The other big news recently is that Frontier Airlines is living up to its name by forging a new path in customer service and dropping voice completely from their contact center. Their PR department sent out this notice just after Thanksgiving:
“Our Customer Care function recently transitioned to fully digital communications, which enables us to ensure our customers get the information they need as expeditiously and efficiently as possible. We have found that most customers prefer communicating via digital channels. Customers can visit our website and interact initially with a chatbot which provides answers to common questions. If live agent support is needed, we have live chat available 24 hours a day and seven days a week. Customers may also chat with us via common social media channels and Whatsapp.”
It’s definitely a bold move to drop voice and may end up making a lot of sense for a low-cost carrier like Frontier Airlines. Travelers on budget airlines are already coming in with low expectations and price is the primary driver of their buying decisions. Keeping operating margins razor thin is what allows Frontier Airlines to underprice the competition, and inflationary pressure and volatile fuel prices are already cutting into those margins. Budget carriers are going to have to find new ways to trim the fat.
But it doesn’t come without risk. While consumers in other industries have embraced fully self-service options, the stress of travel may ultimately require human intervention. If there is any large-scale breakdown of the system (like what we just experienced this summer) a fully automated and digital solution may not be capable of resolving all traveler issues, creating a CX nightmare. And if Frontier Airlines isn’t concerned about customer satisfaction, there are still regulatory penalties to be concerned about. Frontier Airlines just got called out by the Department of Transportation (DOT) for not refunding customers and got hit with a $2.2M fine and forced to pay $222M in refunds.
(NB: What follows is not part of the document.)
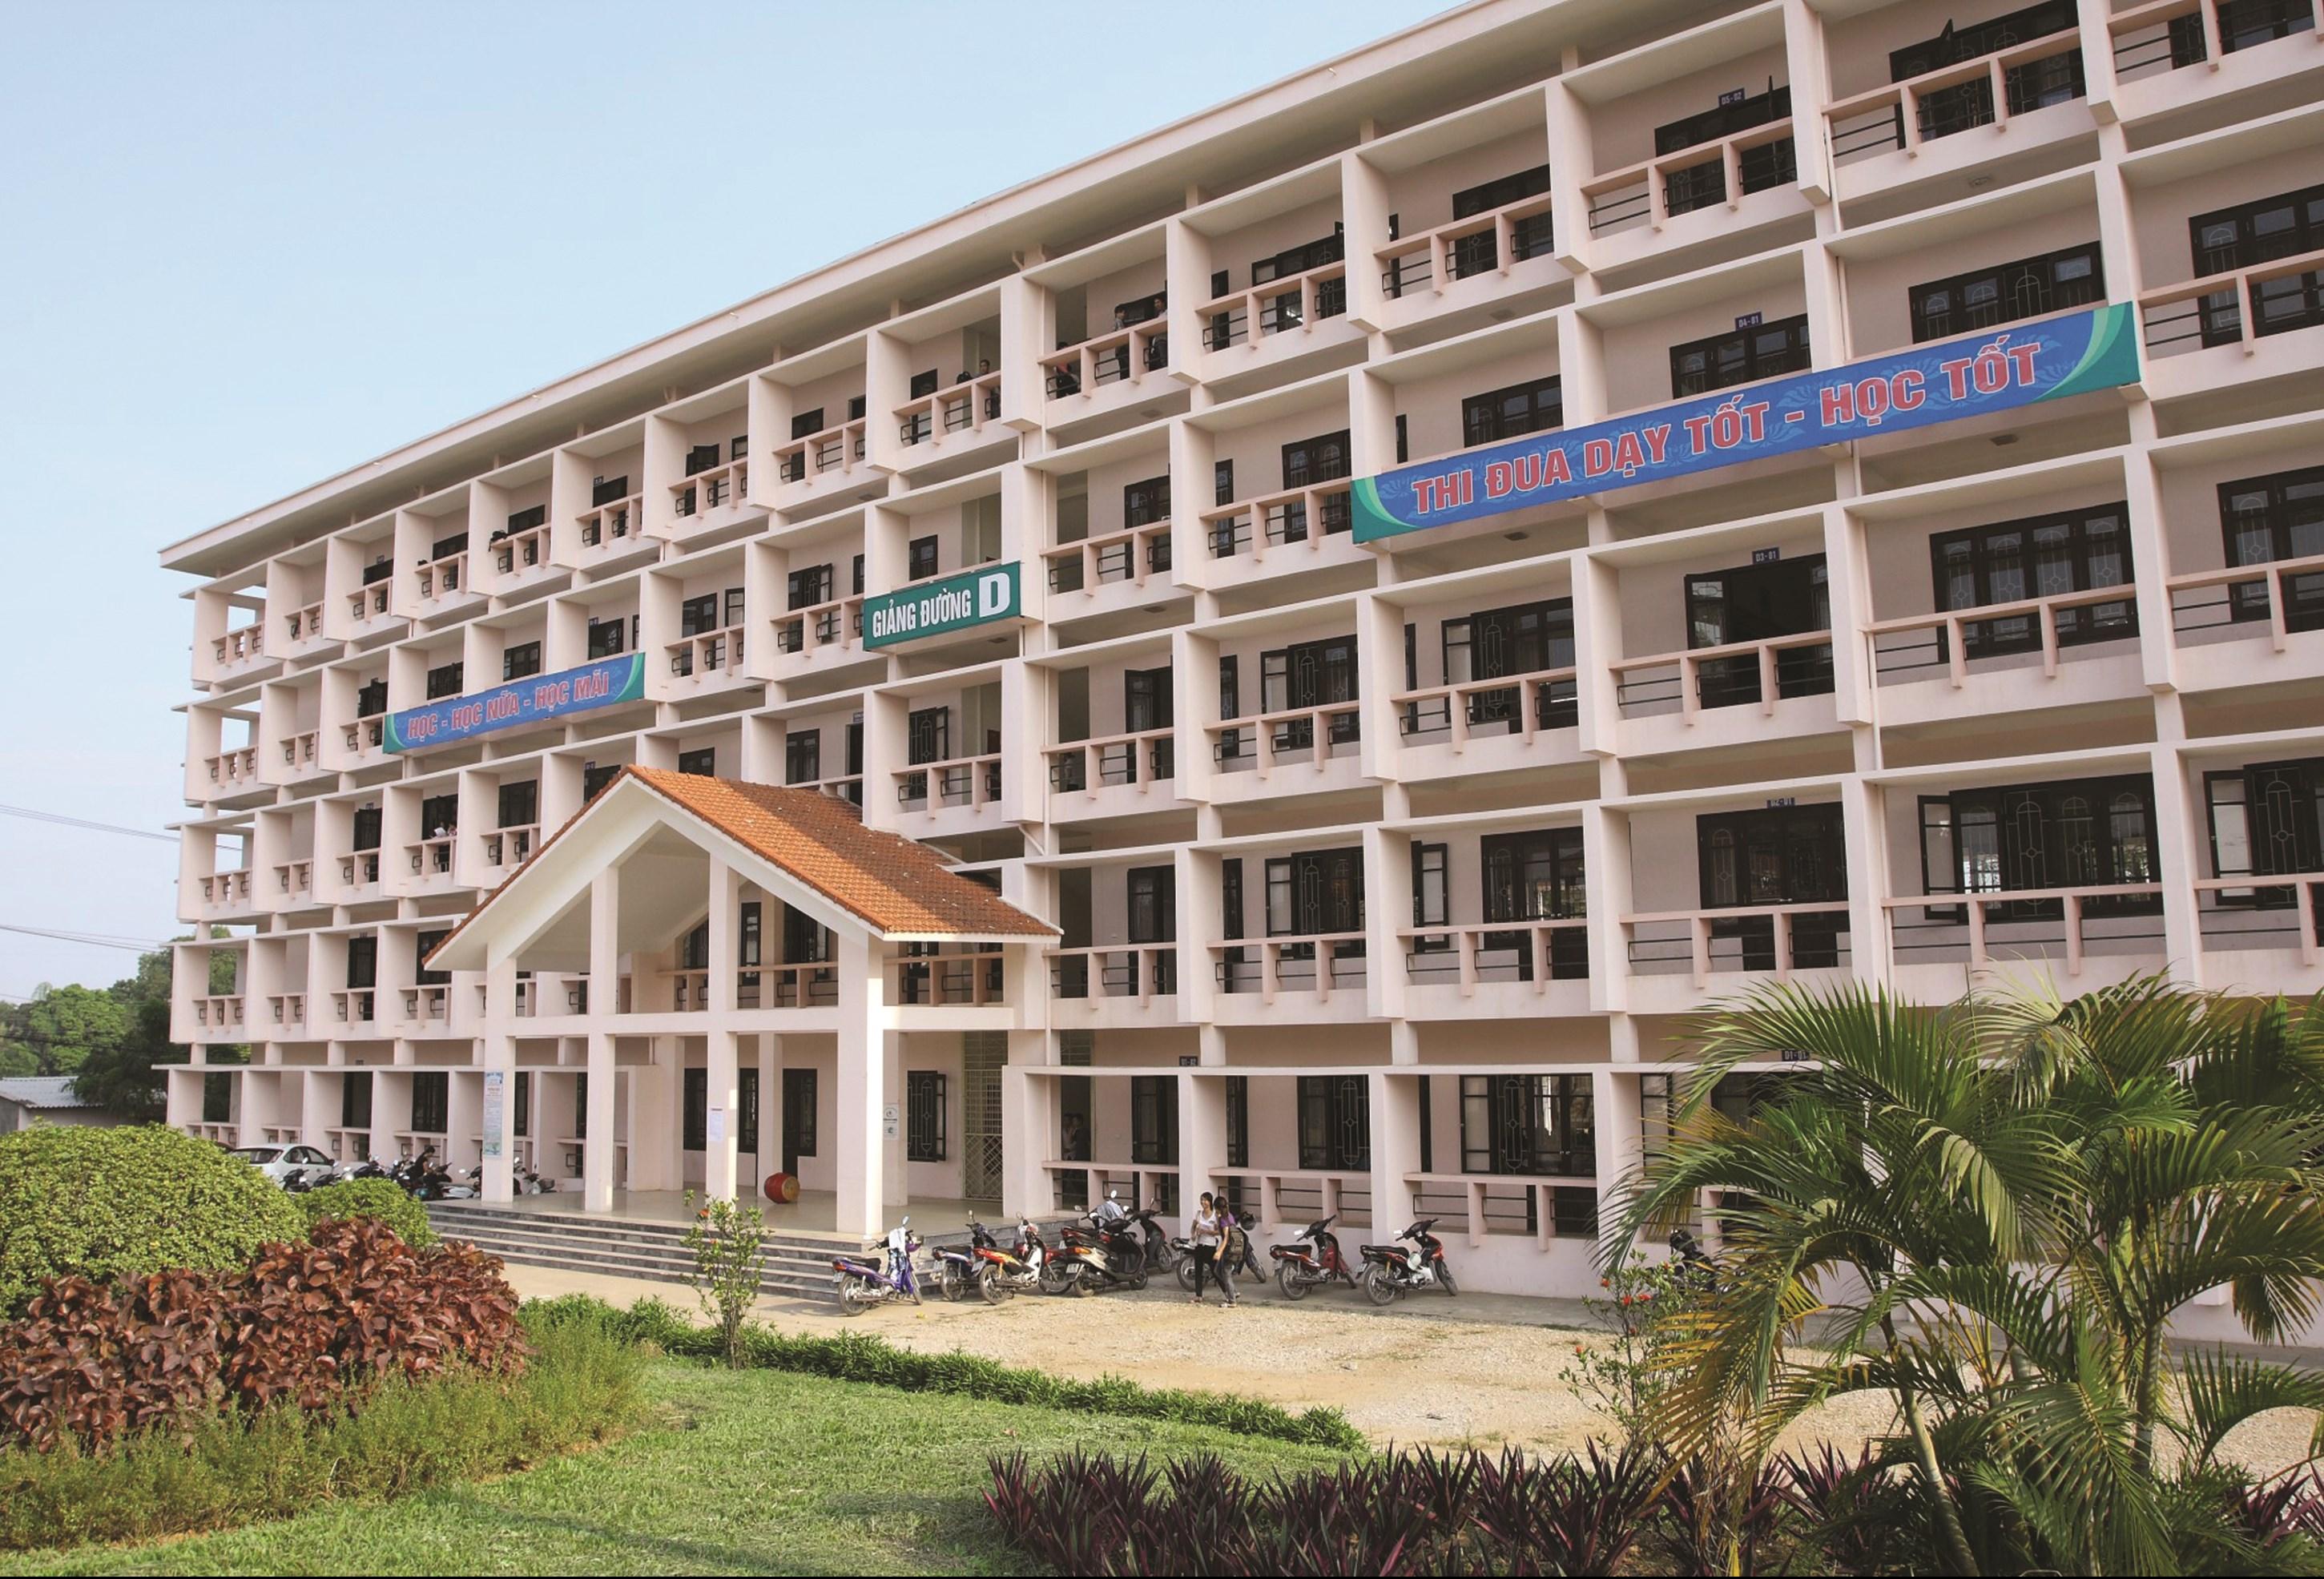 Trường Đại học Nông Lâm, Đại học Thái Nguyên hiện có gần 5.000 sinh viên trong đó có 60% sinh viên là người DTTS theo học.

I do applaud Frontier Airlines for their courage, and we’re big believers here at Talkdesk in digital engagement and the power of AI to transform customer service. However, most airlines and travel agencies we work with tend to prefer an omnichannel approach because of how complicated the traveler journey can be. Eliminating friction between channels and ensuring travelers can always escalate to voice if they need to is seen as critical to retain customer loyalty. There are just too many unexpected variables with serious consequences for the traveler—from a flat tire in the rain to a forced quarantine—to rely solely on chatbots and digital channels. Our research shows that half of consumers will stop working with a company because of just one instance of poor customer service. Imagine what that rate might be if you compounded the typical customer frustration with the stress of a traveler far from home with little control of their itinerary.
I’m sure the entire industry (including the DOT) will be watching this experiment closely. This indeed may be the final frontier for travel and hospitality CX, but it’s still to be proven. We’ll check back in on how Frontier Airlines is doing in an upcoming post.
And on a personal note, I’d like to thank you for reading the inaugural post of the Extra Legroom blog series. Every month I’ll be putting out a review of the biggest news in CX for travel and hospitality; as well as pointing out some interesting trends and sharing best practices I’m hearing from our clients in the segment. From onboarding new employees to building effective AI conversations, we want to help you give your travelers and customers a better experience.